GAO Report on EB-5 Is a Mixed Bag: Some Zingers, Some Major Gaps

By David North on August 13, 2015

Wednesday's GAO report on the EB-5 program, "Immigrant Investor Program: Additional Actions Needed to Better Assess Fraud Risks and Economic Benefits", contained some useful elements — such as the finding that USCIS is not trying hard enough to identify fraud and threats to national security — but there were major gaps in what it should have, and could have, covered.

The EB-5 (immigrant investor) program provides a set of green cards to investors (and their families) in exchange for (usually) a half-million-dollar investment in the U.S. economy through USCIS-approved channels. These are normally real estate deals.

Sen. Chuck Grassley (R-Iowa), chair of the Senate Judiciary Committee, who had asked that a GAO investigation be conducted on the subject, immediately praised the report stating in a press release that the report:

Highlights the lack of rigorous oversight of the EB-5 regional center program, specifically how the agency [USCIS] fails to analyze risks, continuously assess fraud and accurately measure economic benefits.

Some of the other problems that GAO found were these:

  • It has difficulty figuring out the source of some of the invested funds, which are supposed to come from lawful sources;

  • The agency's reliance on "paper-based documentation" undercuts its ability to weed out fraud and abuse; and

  • The agency does not appropriately track the economic impacts of the EB-5 program.

While the report is written in the ultra-cautious, understated style of such documents, it pointed out some details of USCIS's failings that were both glaring and unknown to me.

For example, the agency does not record basic information such as the name, address, and date of birth of the petitioners for regional centers — the middleman agencies that deal with the alien investors, on one hand, and the users of the capital, on the other. Nor does it get these details about the investors into the electronic data system. (This hampers anti-fraud efforts.)

Similarly the agency rarely conducts site visits (to see if the claimed economic activity is actually under way) and never interviews investors before the green cards are issued.

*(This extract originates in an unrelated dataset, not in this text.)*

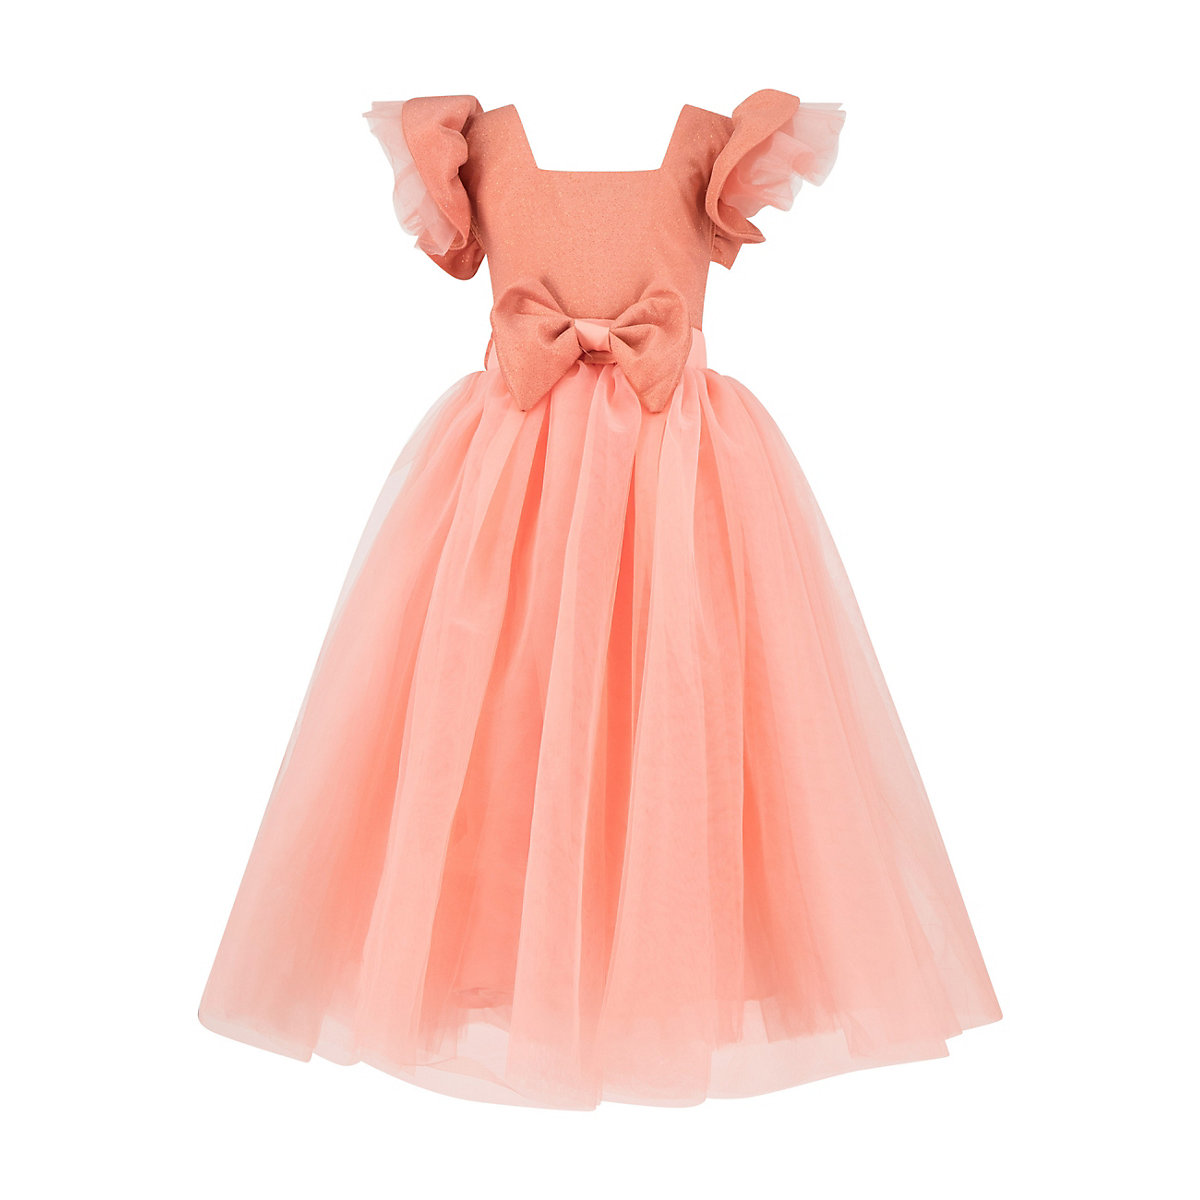 Prestije A-Linien-Kleid Kinder Mädchen Brautkleid Kleider pink

The report gently suggests at one point that USCIS is really not very well versed in evaluating the economic and business matters before it.

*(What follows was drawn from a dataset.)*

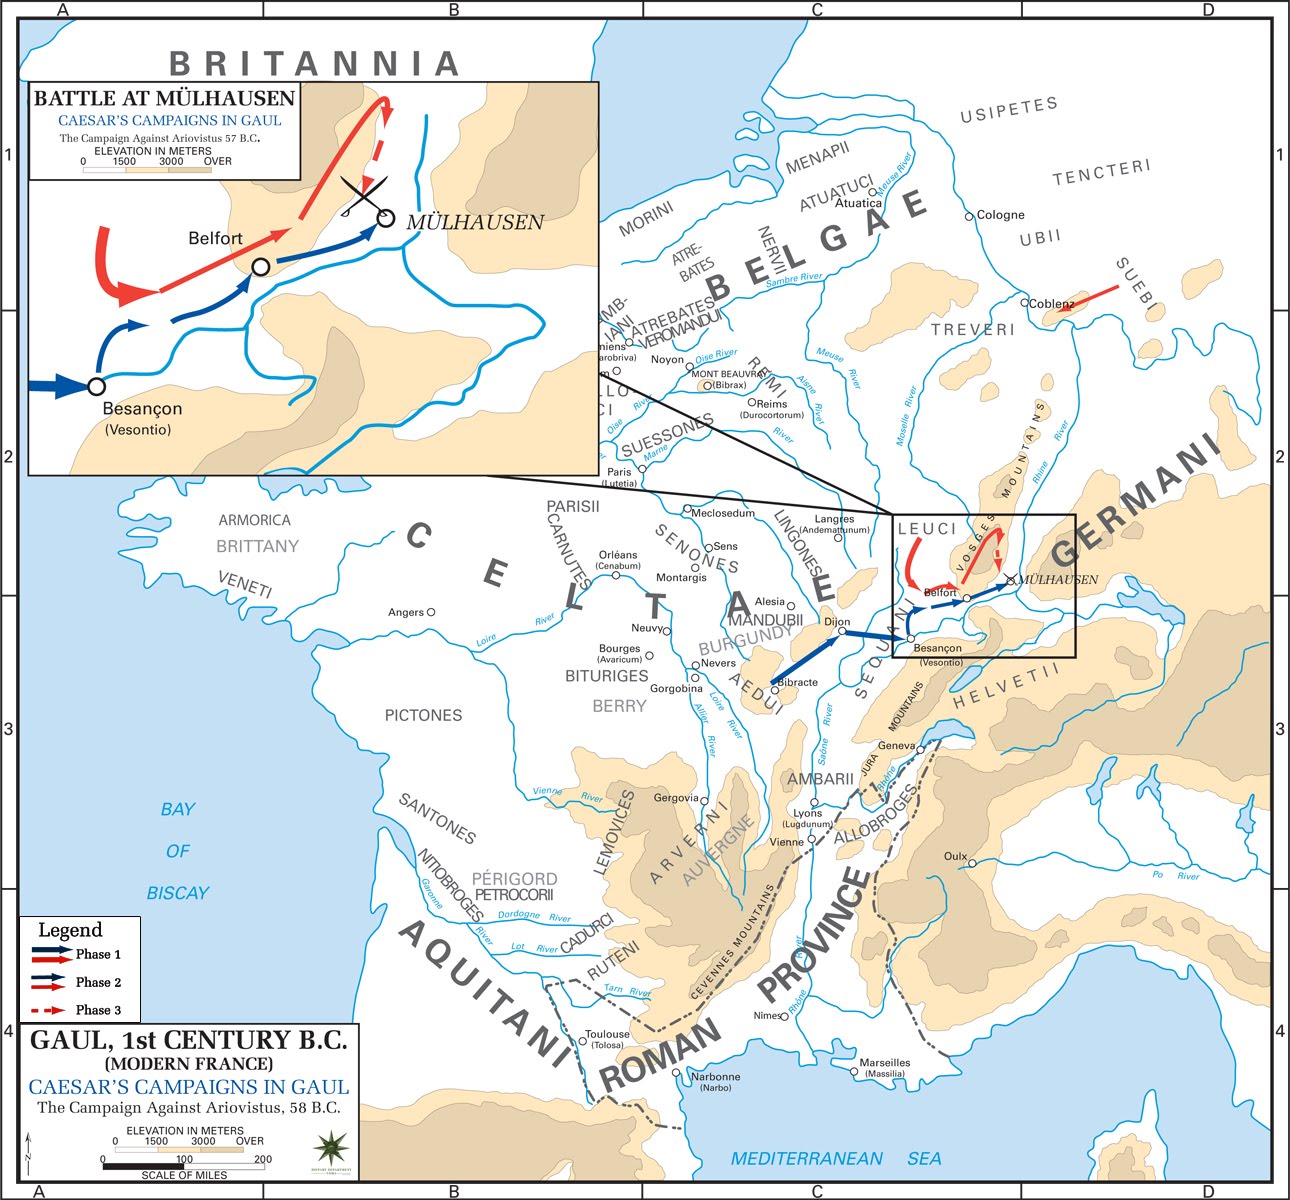 map_caesar_ Campaigns in gaul against aristovistus 57 BC.jpg

What I found new and appalling in the report is that USCIS arranged for the U.S. Department of Commerce, presumably at USCIS expense, to conduct an economic study of the EB-5 program that was solely focused on the benefits of the program and would not even mention, must less evaluate, the costs. That kind of behavior is more or less to be expected from USCIS these days, but that Commerce would go along with such a study design is troubling.

GAO, in my eyes, failed to even mention a series of variables that should have been covered, program elements that should have been discussed, no matter how embarrassing to the administration.

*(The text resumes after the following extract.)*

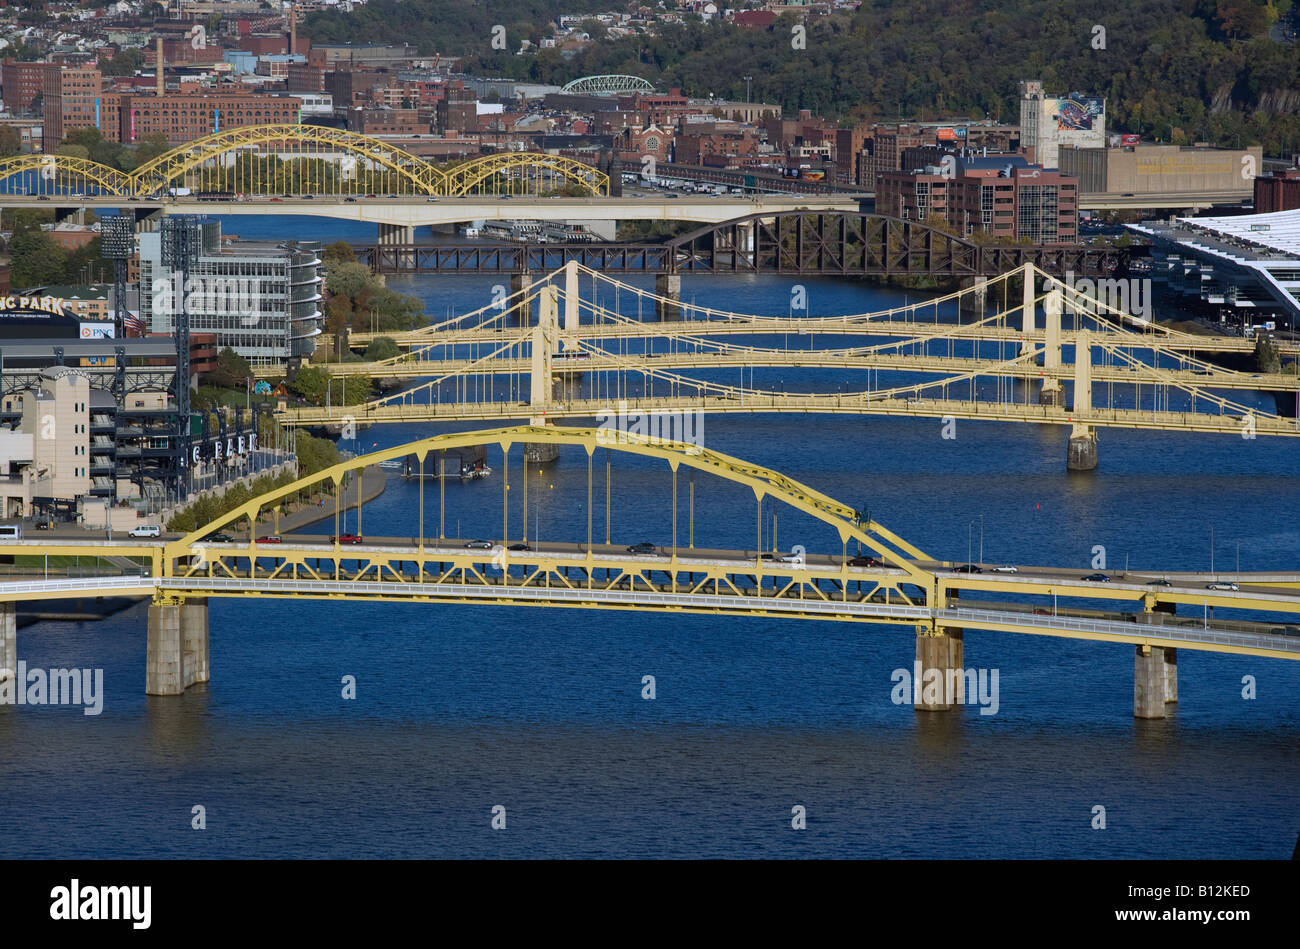 ALLEGHENY ponti sul fiume centro di Pittsburgh Pennsylvania USA Foto Stock

At the macro level, there is the question of the program's impact on the American economy generally; others have noticed that the additional foreign investment in the U.S. economy represents a drop in the proverbial bucket (though useful to some EB-5 middlemen). This is the elephant in the room.

There was no attempt to lay out with any specificity the threat scenarios that need to be addressed, from the hoodwinking of alien investors by some of the middlemen to the attempts by other alien investors to use the program to buy into such sensitive areas as the construction of a field office for the FBI.

Further, there was no effort made to discuss the obvious disconnect of a program that is supposed to bring foreign capital to depressed rural and urban areas, and does not do so. In that context, I remember a conversation with a skilled business reporter from the Los Angeles area who asked me: "If the EB-5 program is supposed to be for depressed areas, how come all the projects are in the glitziest parts of town?"

The answer — which is not mentioned by GAO — is that USCIS has allowed a definition of "targeted employment area" that is so loose that just about any location in the United States would qualify. In an earlier blog I showed how a TEA could be constructed in Washington, D.C., that included the affluent neighborhood of the White House. It would be qualified under USCIS rules as a depressed area.

Finally the numerous scandals within the program, such as political interference in the decision-making process, are skimmed over lightly while the enormous EB-5 problems in South Dakota are not even mentioned. You can just about hear the sighs of relief from USCIS headquarters.

This report was, incidentally, based on an almost completely inward-looking process. The GAO's feds talked to other feds, looked at federal procedures, and examined federal government records, all useful parts of such a study. It would have been helpful if the massive GAO study team (the acknowledgments mention 14 names) would have done a literature search, or talked to more outsiders, such as aliens who lost their investments and their green cards, as a result of program operations. It would have been helpful to name some names, too, other than those that are already in the court system. (Deputy Secretary of DHS Alejandro Mayorkas, who as USCIS director was charged with political interference in the program by the department's then acting inspector general, is not named, and is identified only as a "former director" of USCIS.)

While the report has many useful elements in it, the work product also represents a lost opportunity to really examine the EB-5 program, warts and all.